Data: Begin
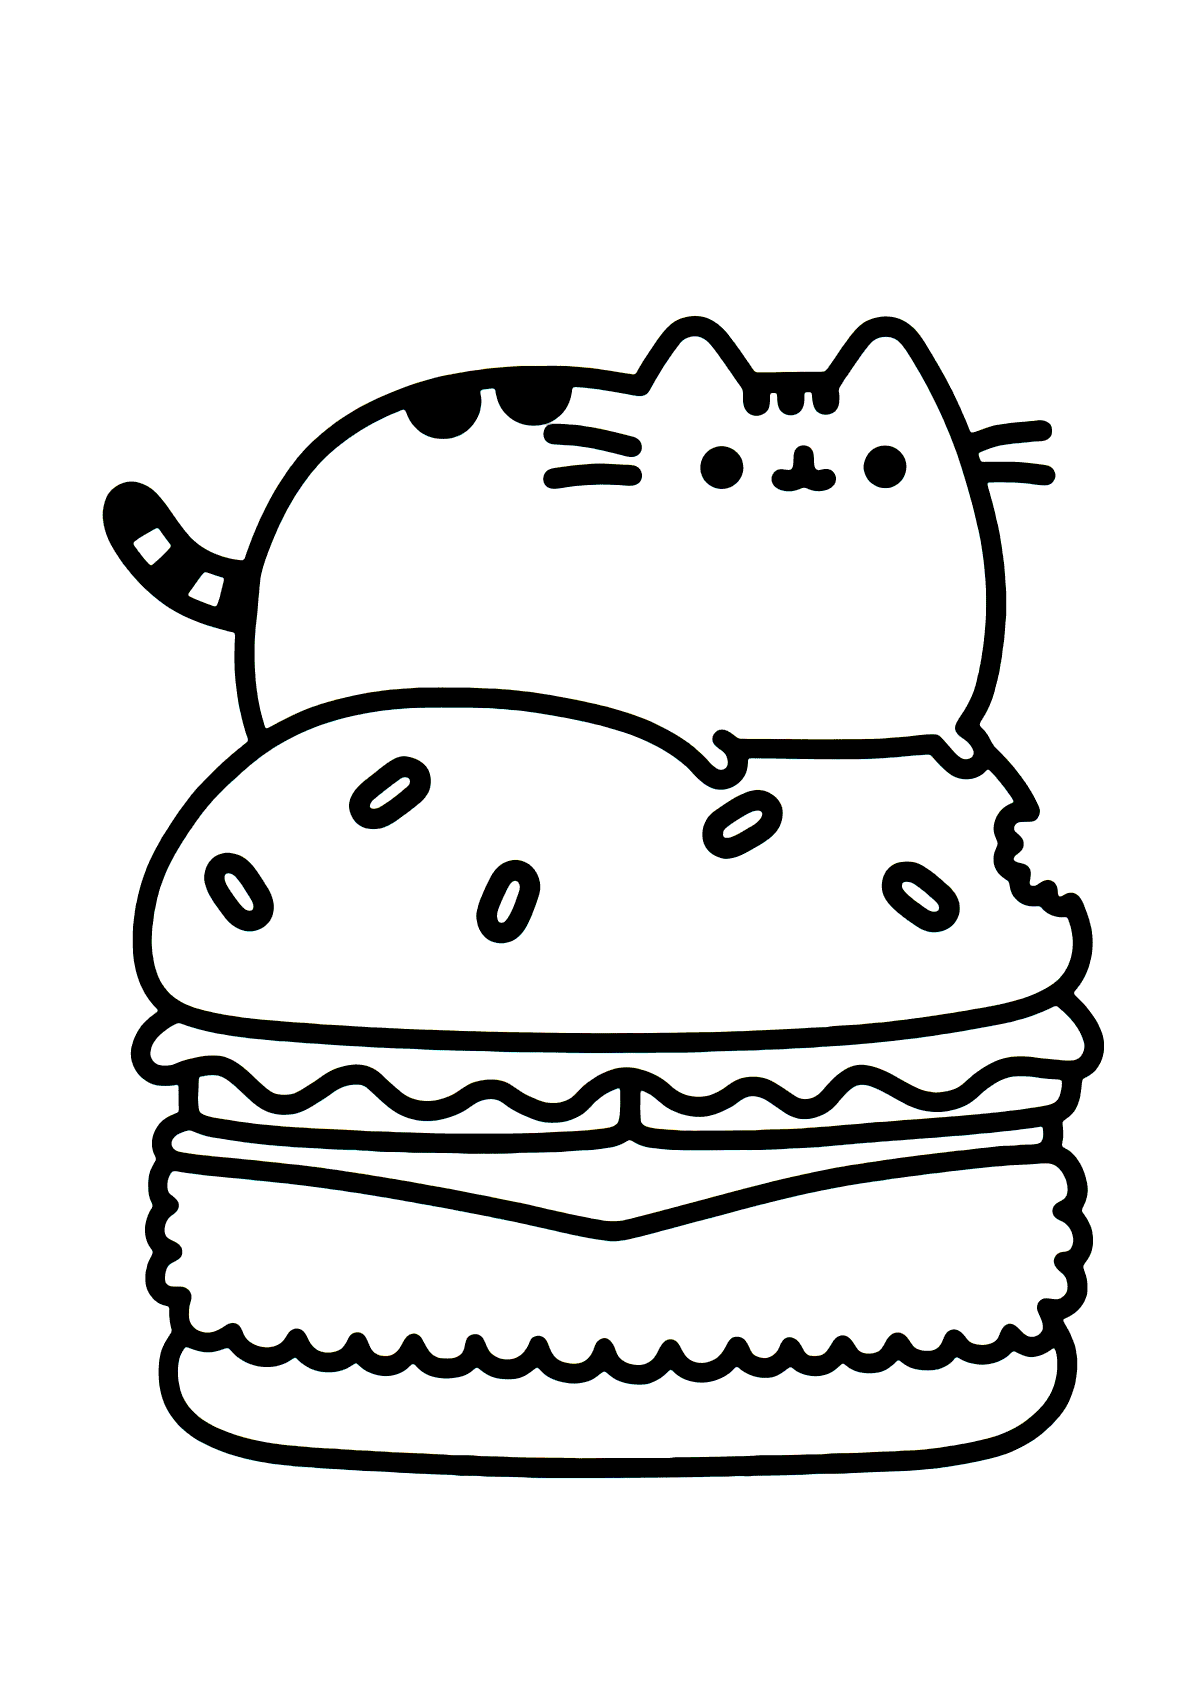 Desenho de gato kawaii para colorir
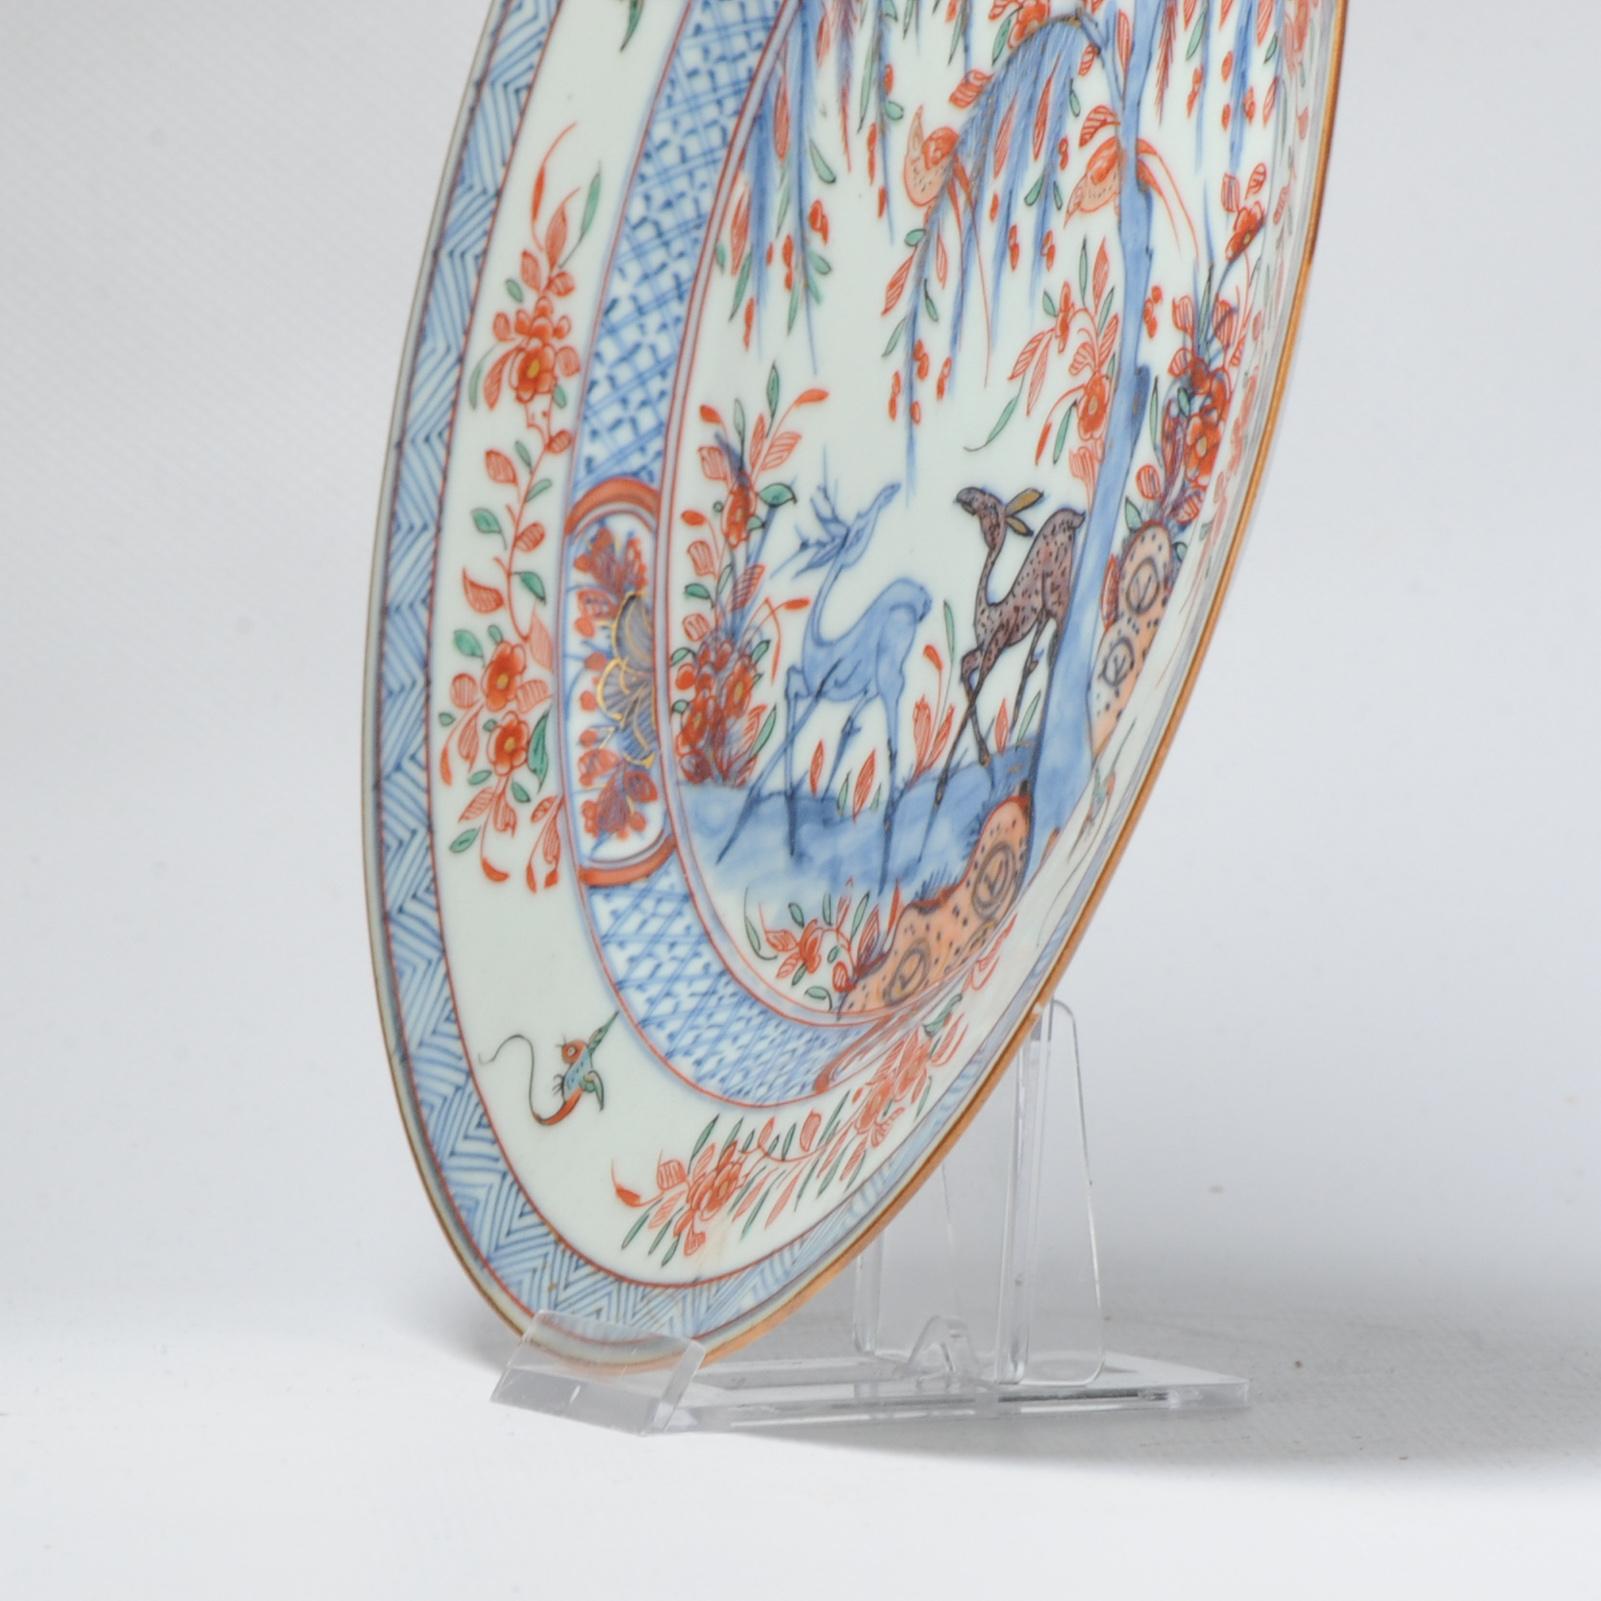 Très belle pièce de porcelaine Qianlong Amsterdam Bont du XVIIIe siècle, décorée de cerfs, d'oiseaux, de fleurs et d'arbres. Bleu sous glaçure et autres émaux sous glaçure. Les petits oiseaux de la bordure sont des motifs de Kakiemon.

Informations
Data: End
#### [What is needed]
When you reach the line that contains "Très belle pièce", start copying the listing word for word and stop only after its last line, without any pictures.

#### [Expected output]
 Très belle pièce de porcelaine Qianlong Amsterdam Bont du XVIIIe siècle, décorée de cerfs, d'oiseaux, de fleurs et d'arbres. Bleu sous glaçure et autres émaux sous glaçure. Les petits oiseaux de la bordure sont des motifs de Kakiemon.

Informations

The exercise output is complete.